For example, in People v. McCoy, supra, 9 Cal.App.4th 1578, the defendant absconded with his three children in a child custody case. (Id. at p. 1582.) The appellate court found "defendant's characterization of his crimes as having a single objective of 'having sole custody of his children because he believed they were better off with him than with his wife' [was] too broad." (Id. at p. 1585.) "Defendant harbored three separate criminal objectives which were independent and not merely incidental to each other. His intent to violate the custody agreements as to [the three children] was personal to each child. [D]efendant's 'criminal ambition' in taking all three children was greater than had he taken only one or two." (Id. at p. 1586.) "Defendant's analogy to theft cases, in which a defendant 'commits only one robbery or theft notwithstanding the number of items he steals' [citation], is flawed. The inanimate objects which are the subject of property theft bear no resemblance to children who are taken from one of their parents in violation of court orders. As compared with a property crime, defendant's violation of the court orders caused a detrimental effect on three individual children for a significant period of time and repeatedly violated their mother's parental rights." (Ibid.)

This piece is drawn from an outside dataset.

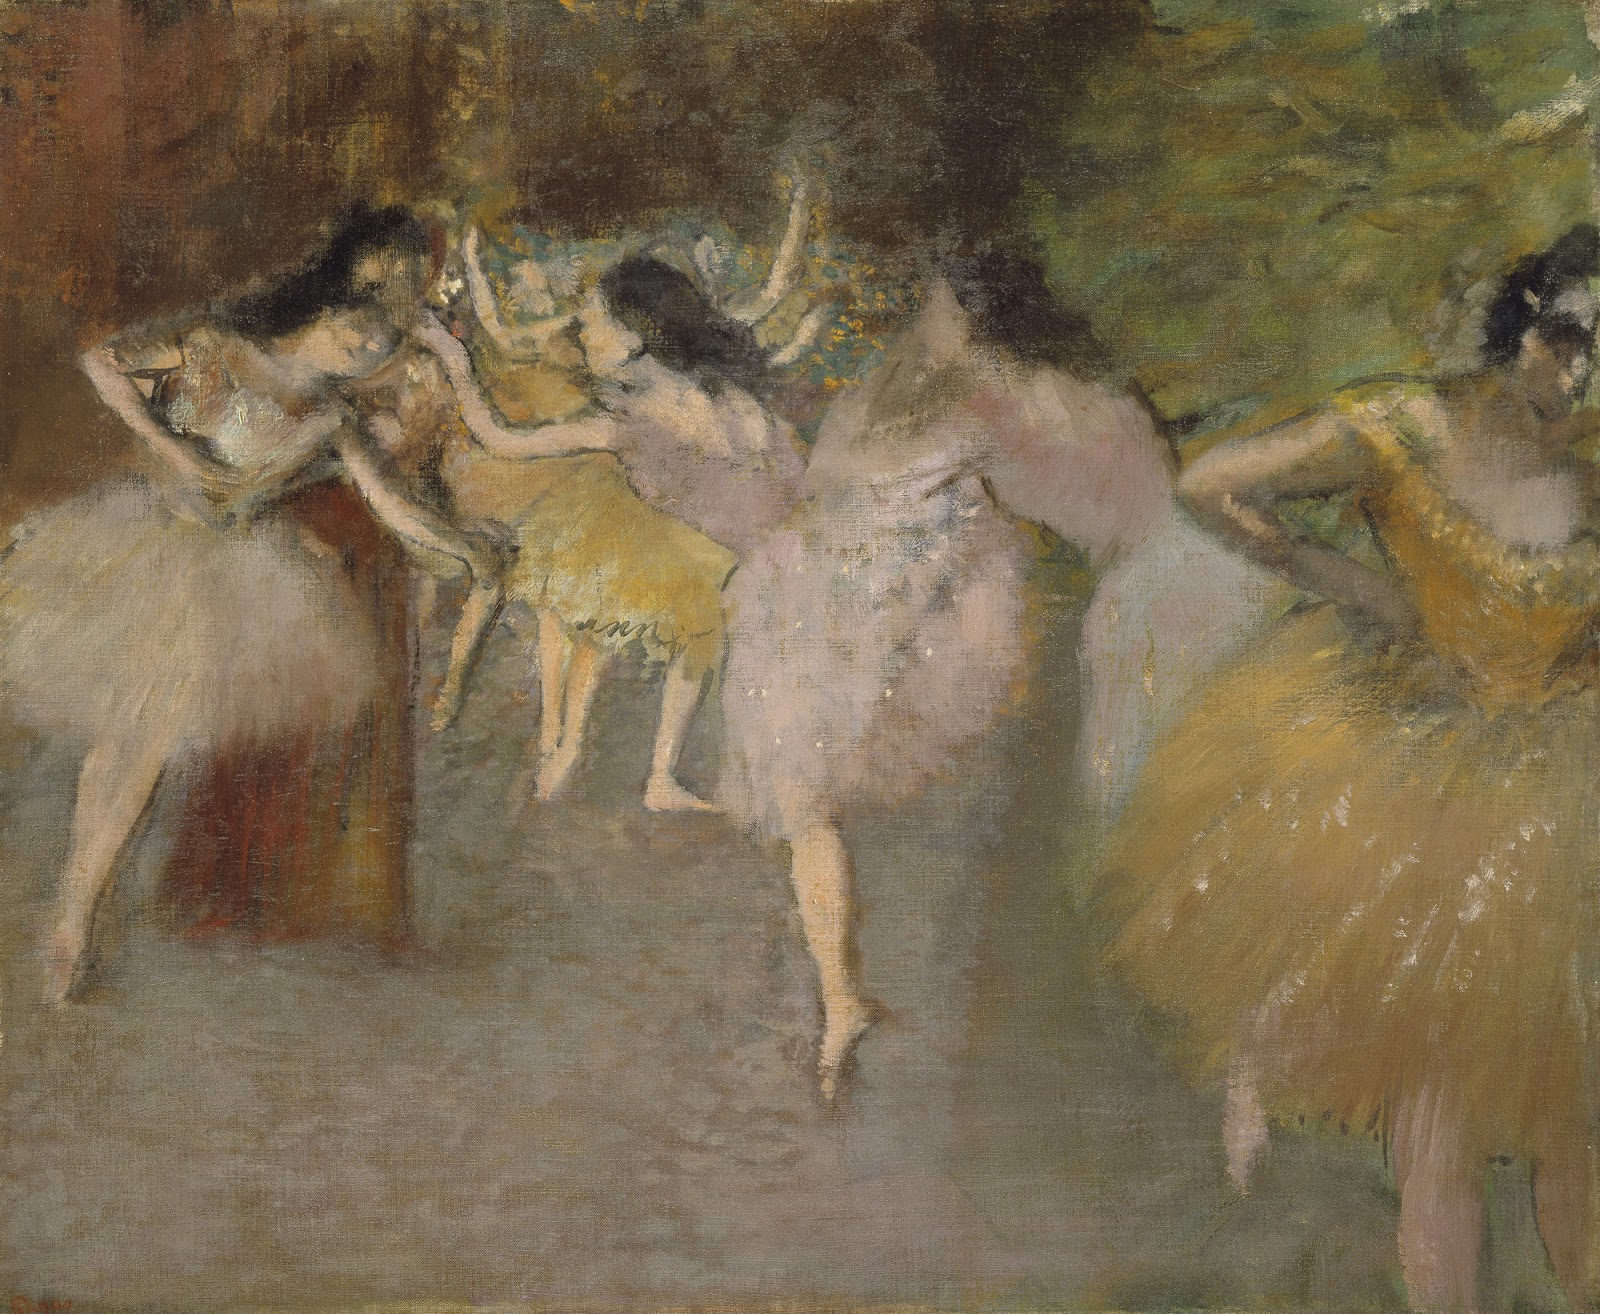 Edgar+Degas-1834-1917 (866).jpg

In People v. Gangemi, supra, 13 Cal.App.4th 1790, the defendant filed several false deeds of trust with the county clerk (id. at p. 1800) "to unlawfully shield a friend's personal assets from collection by judgment creditors" (id. at p. 1793). The Court of Appeal stated: "It is no defense to assert that these acts were part of an indivisible transaction which had as its single criminal objective the illegal protection of [the friend's] property from his creditors. [S]uch an objective is too broad to satisfy the purposes of section 654." (Id. at pp. 1800-1801.) "Each false filing creates a separate harm to the person defrauded as well as to the integrity of the public records and the defendant may be punished for each such criminal act. Otherwise, to apply section 654 in this case would violate the law's goal of punishing violators commensurate with their criminality." (Id. at p. 1801.)

In People v. Morelos, supra, 168 Cal.App.4th 758, officers searched a home and found the defendants in possession of, inter alia, sheets of currency and blank checks, driver's licenses, Social Security cards, credit cards, and lists of other people's personal information (including driver's license numbers, Social Security numbers, and potential access codes). (Id. at p. 761.) As to the various charges, a jury convicted one or both of the defendants of, inter alia, receiving stolen property, forgery of blank checks, forgery of altered checks, possession of forged driver's licenses, and money counterfeiting. (Ibid.) The trial court found the crimes "'were all for the same goal, which is financial gain,'" but sentenced the defendants consecutively because "the crimes 'all involved separate victims, separate acts, [and] separate risks to each of the victims.'" (Id. at p. 769.) On appeal the defendants argued they could be punished for only one of their "'possession-related' counts (the receiving counts, the blank check counts, the driver's license counts, and the altered check counts)" because they engaged in an indivisible transaction toward a single objective. (Id. at p. 768.) The Court of Appeal affirmed the consecutive sentences, stating that to consider the defendants' "counterfeiting and forgery operation as 'essentially a single act of "possession" as to all counts' would adopt that impermissible 'broad and amorphous view.'" (Ibid.)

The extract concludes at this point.